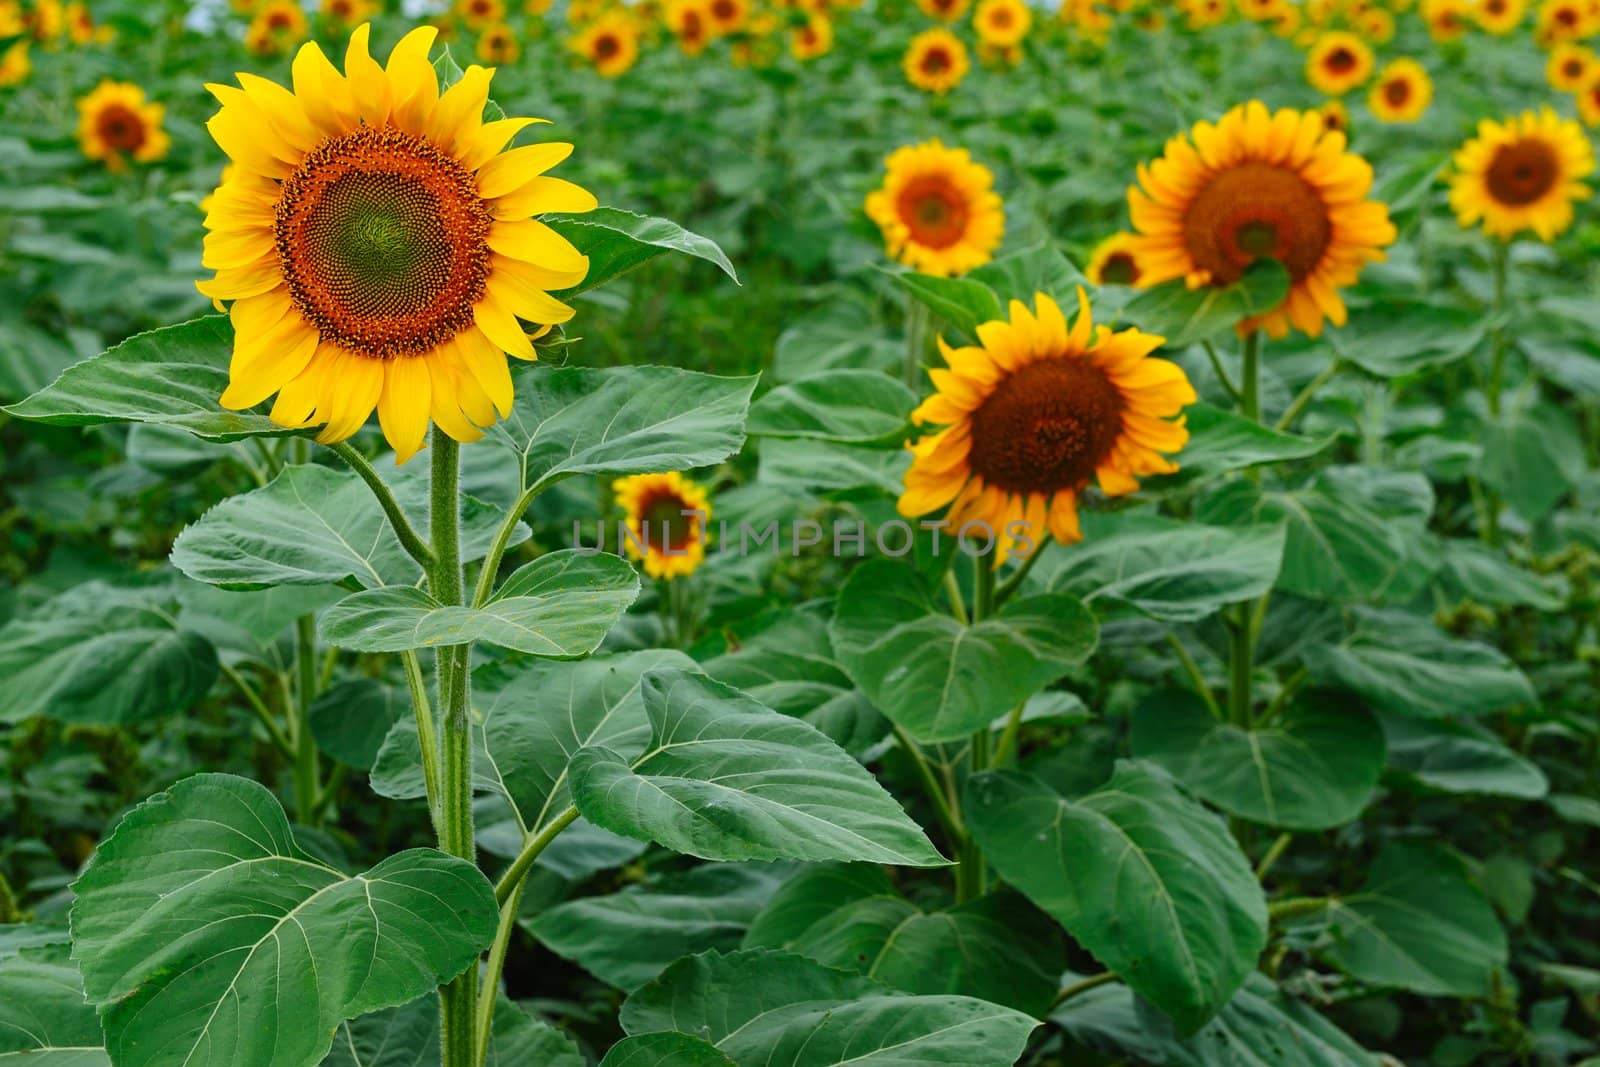 Field of sunflowers by raywoo
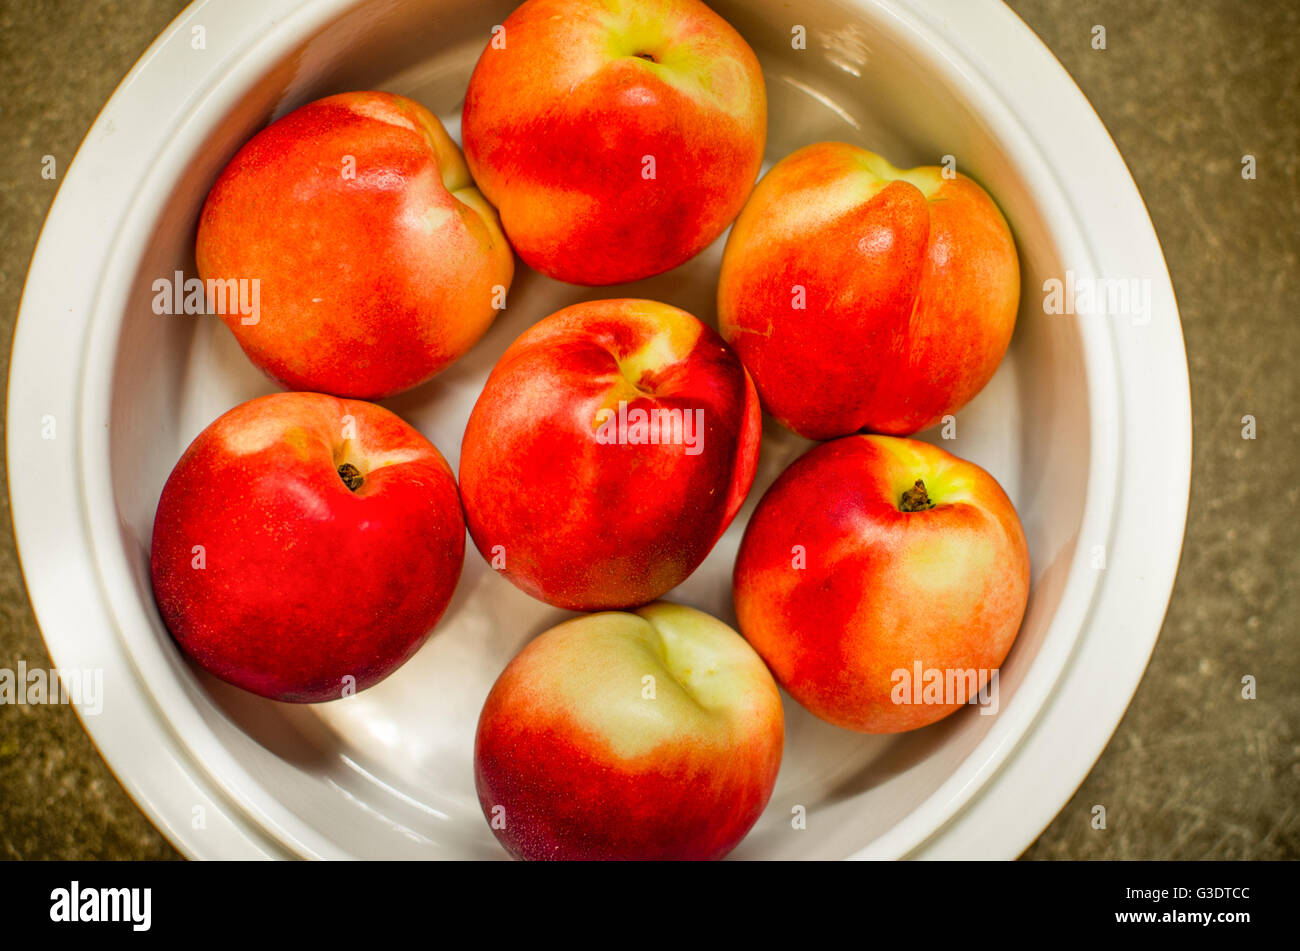 clean eating peaches background Stock Photo
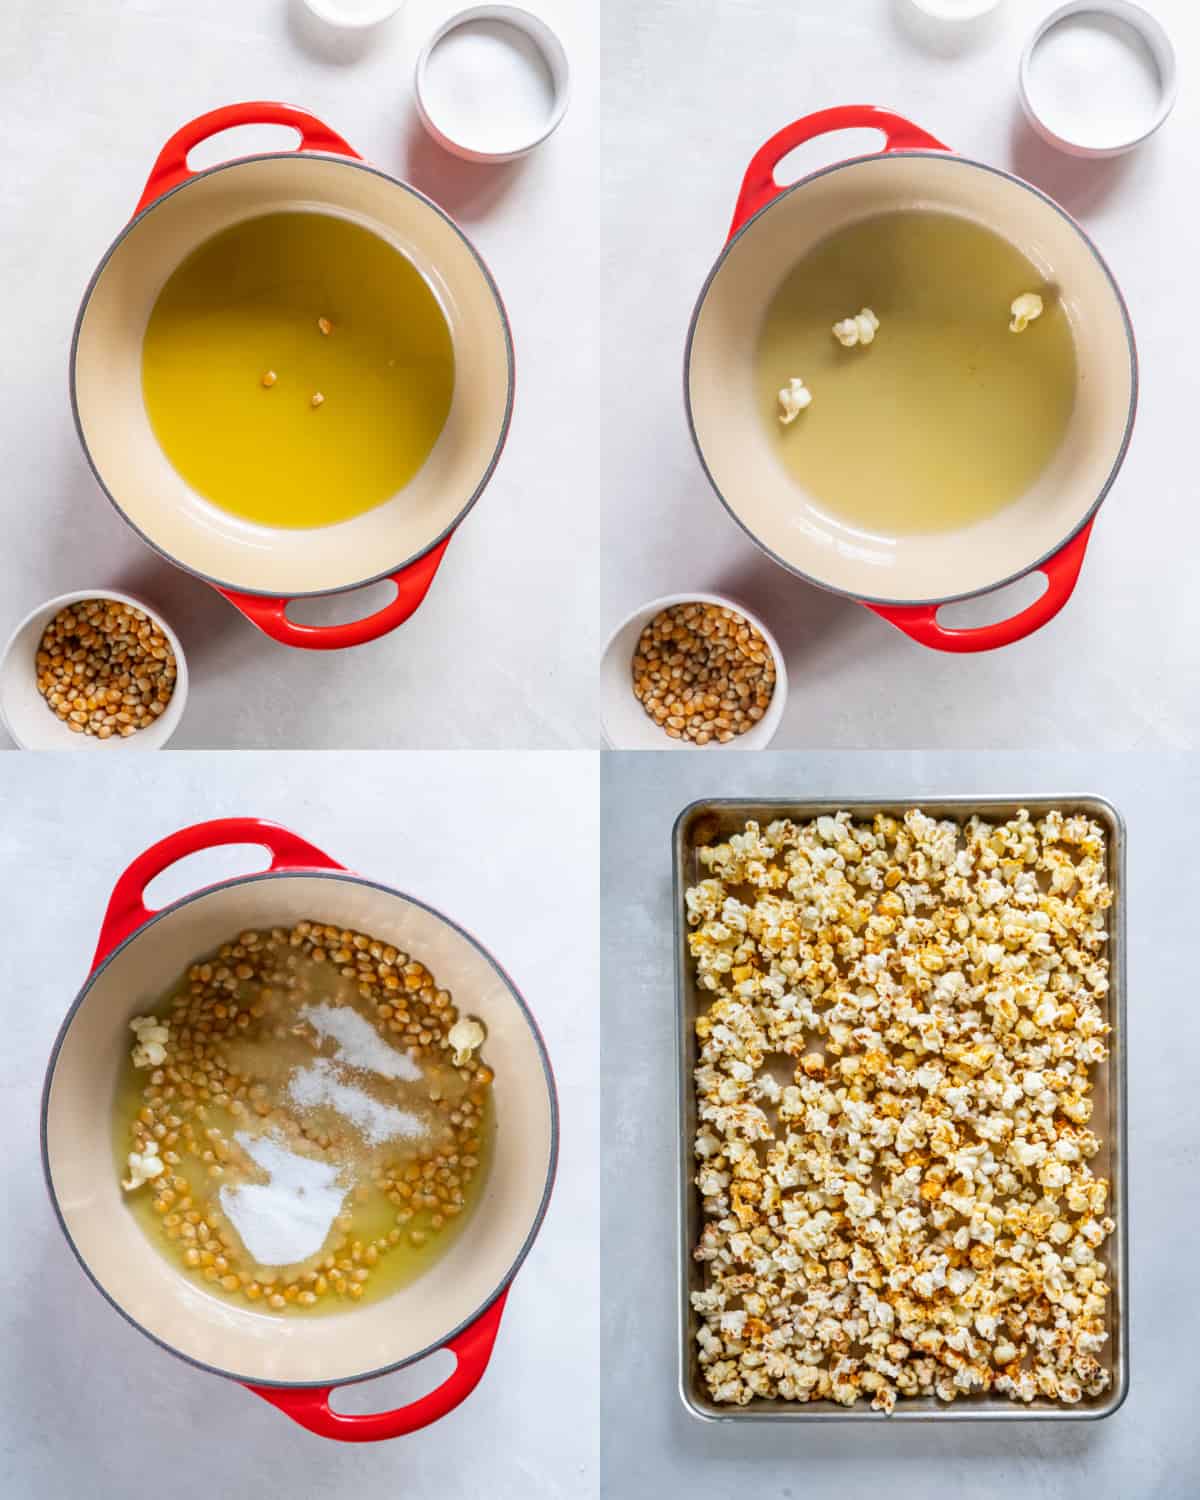 Heating oil in a pan with three popcorn kernels. Then adding the rest of the kernels to the hot pan after the 3 kernels pop.

> DIRECTIONS FOR THIS TASK
Give the listing again exactly, minus its images.

> TASK OUTPUT
 Field of sunflowers by raywoo
 clean eating peaches background Stock Photo
 Heating oil in a pan with three popcorn kernels. Then adding the rest of the kernels to the hot pan after the 3 kernels pop.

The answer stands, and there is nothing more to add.